# KNN & PCA Assignment
---

**Question 1: What is K-Nearest Neighbors (KNN) and how does it work in both classification and regression problems?**

->

- K-Nearest Neighbors (KNN) is a supervised learning algorithm that can be used for both classification and regression.
- It is a lazy learner, meaning it does not build an explicit model; instead, it stores the training data and makes predictions based on similarity (distance) to known data points.
---
**How it works:**

1. For a new data point, compute the distance (commonly Euclidean, Manhattan) between the point and all training samples.
2. Select the K nearest neighbors (the K closest data points).
3. Make a prediction:
 - Classification: The class label is chosen by majority voting among the K neighbors. Example: If k=5 and neighbors = [A, A, B, A, C] then predicted class = A.
  - Regression: The prediction is the average (or weighted average) of the target values of the K neighbors. Example: If neighbor values = [50, 55, 60] and K=3 then predicted value = 55.
---

**Question 2: What is the Curse of Dimensionality and how does it affect KNN performance?**

->
- The Curse of Dimensionality refers to challenges that arise when data has a very high number of features (dimensions).
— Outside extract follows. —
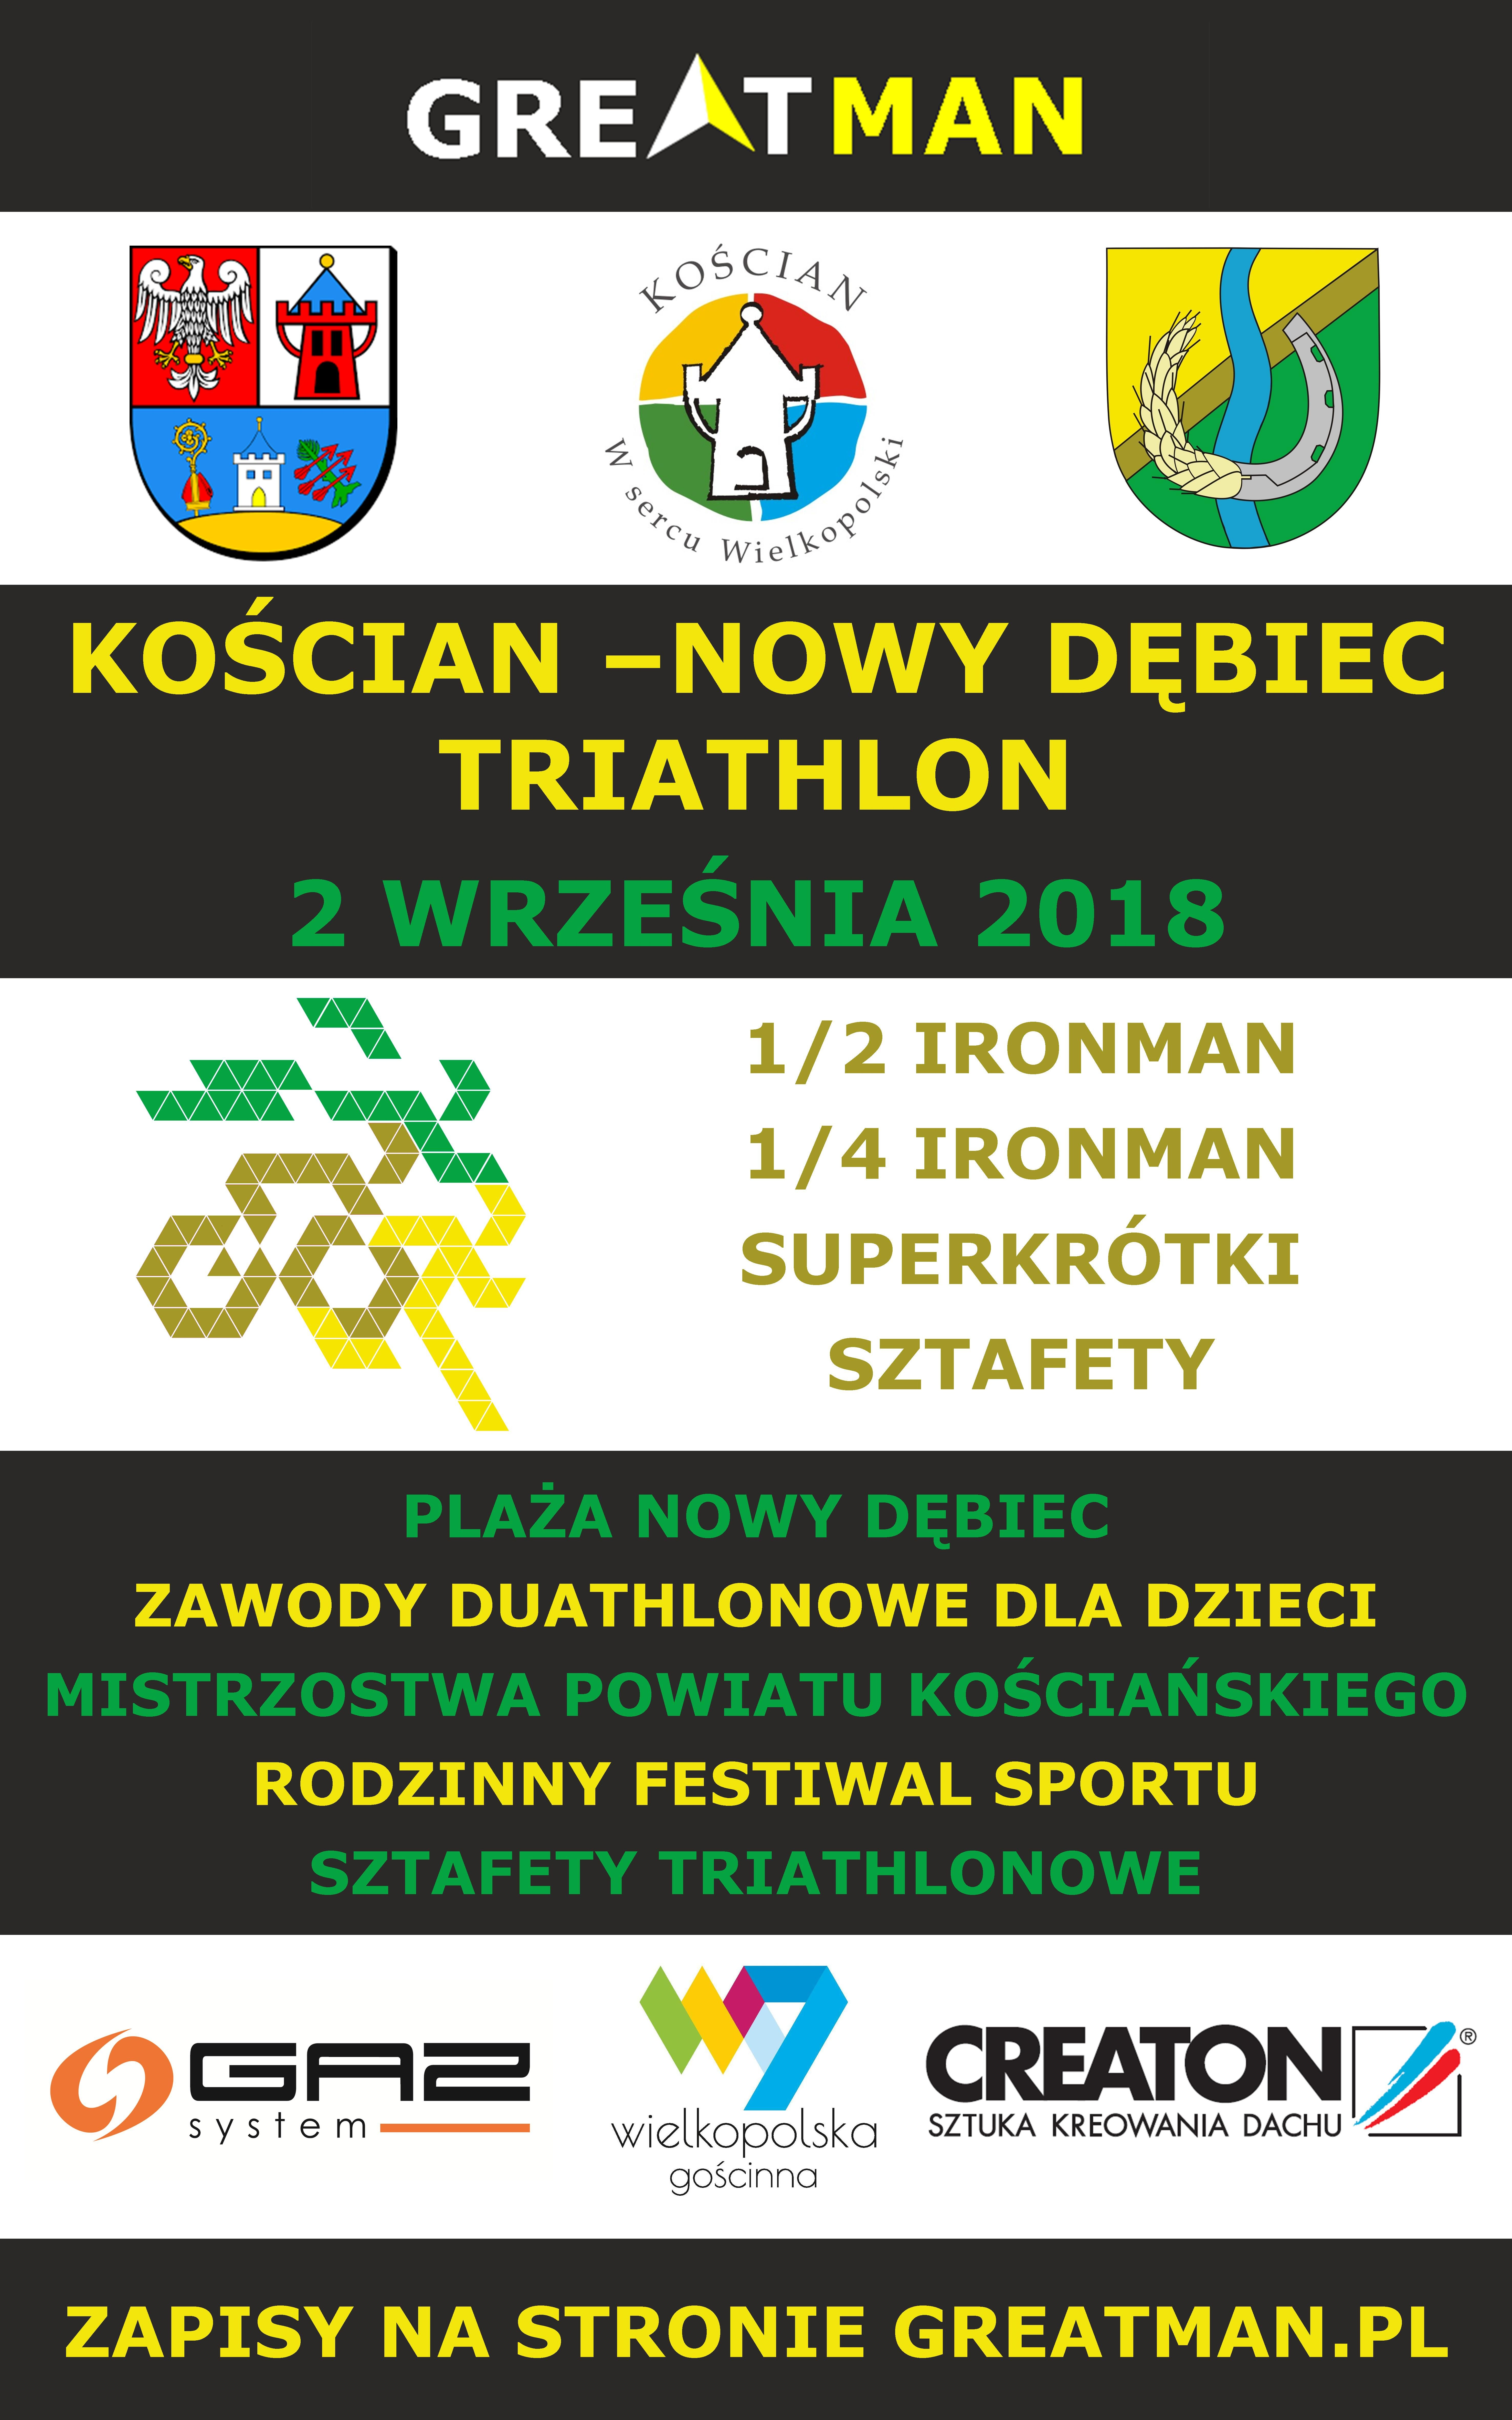 koscian nowy debiec triathlon 2018 plakat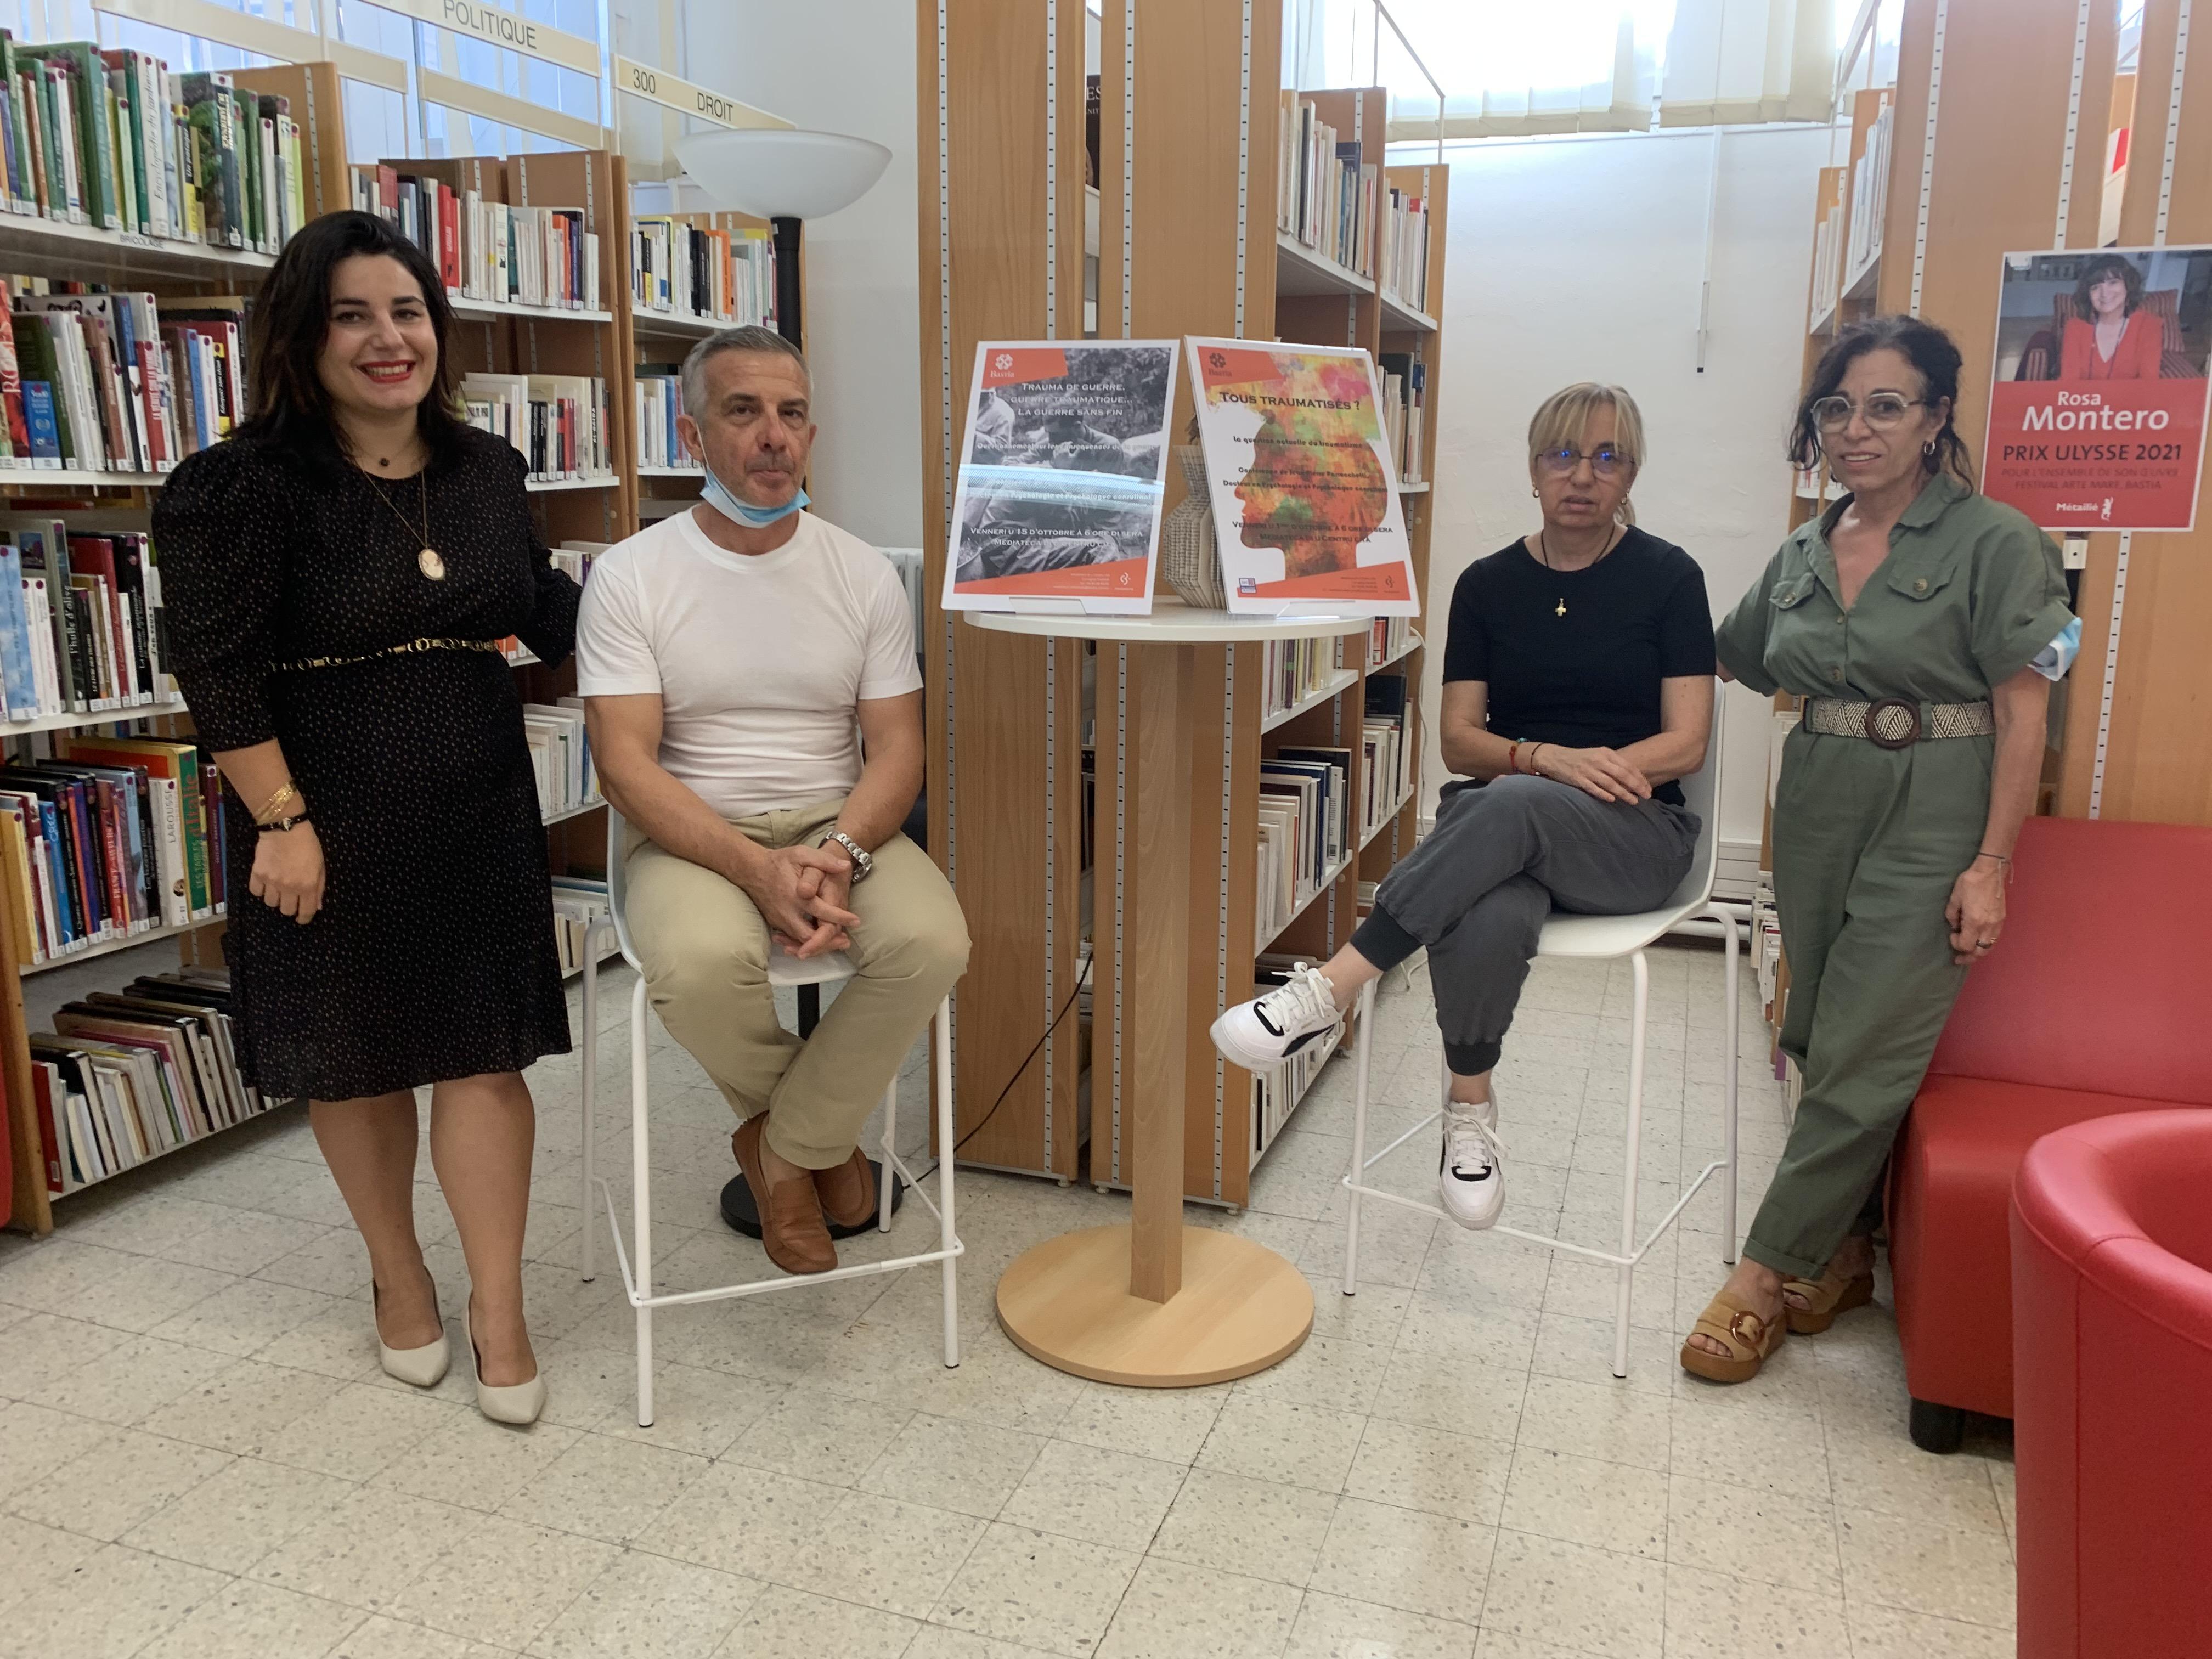 Jean-Pierre Parrocchetti et l'équipe de la bibilothèque centrale vous attendent ce vendredi pour la 1ère d'un cycle de 3 conférences.

As the number of dimensions increases:
1. Data sparsity: Points become widely spread out, making the feature space sparse.
2. Distance metrics lose effectiveness: In high dimensions, the difference between nearest and farthest neighbors becomes negligible, so “closeness” is not meaningful.
3. Higher computational cost: More features mean more distance calculations, increasing complexity.
---
**Effect on KNN performance:**
- Since KNN depends on distance measures, in high dimensions it struggles to identify truly close neighbors.
- As a result, neighbors become less meaningful, leading to poor classification/regression accuracy and a higher risk of overfitting.
---

**Question 3: What is Principal Component Analysis (PCA)? How is it different from feature selection?**

->
- PCA is an unsupervised dimensionality reduction technique.
- It transforms the original correlated features into a new set of uncorrelated variables called principal components.
- These components are linear combinations of the original features and are ordered such that:
  - The first principal component (PC1) captures the maximum variance.
  - The second (PC2) captures the next highest variance, and so on.
- Goalis to reduce the dataset to fewer dimensions while retaining as much information (variance) as possible.
---
**Difference between PCA and Feature Selection:**

**1. PCA :**

- Creates new features (principal components) as combinations of original features.
- New features are less interpretable since they are mixes of original features.
- Focus: reduce dimensions while preserving variance in the data.

**2. Feature Selection:**

- Selects a subset of the original features (no new features are created).
- Retains interpretability since features remain in their original form.
- Focus: choose only the most relevant features and discard redundant/irrelevant ones.
---

**Question 4: What are eigenvalues and eigenvectors in PCA, and why are they important?**

->
- In PCA, we calculate the covariance matrix of the data, and then perform eigen decomposition.
- This gives us eigenvalues and eigenvectors.
---
**1. Eigenvectors (Principal Components):**
- Eigenvectors represent the directions (axes) in the feature space along which the data varies the most.
- Each eigenvector is a principal component.
- They define the new coordinate system for the transformed data.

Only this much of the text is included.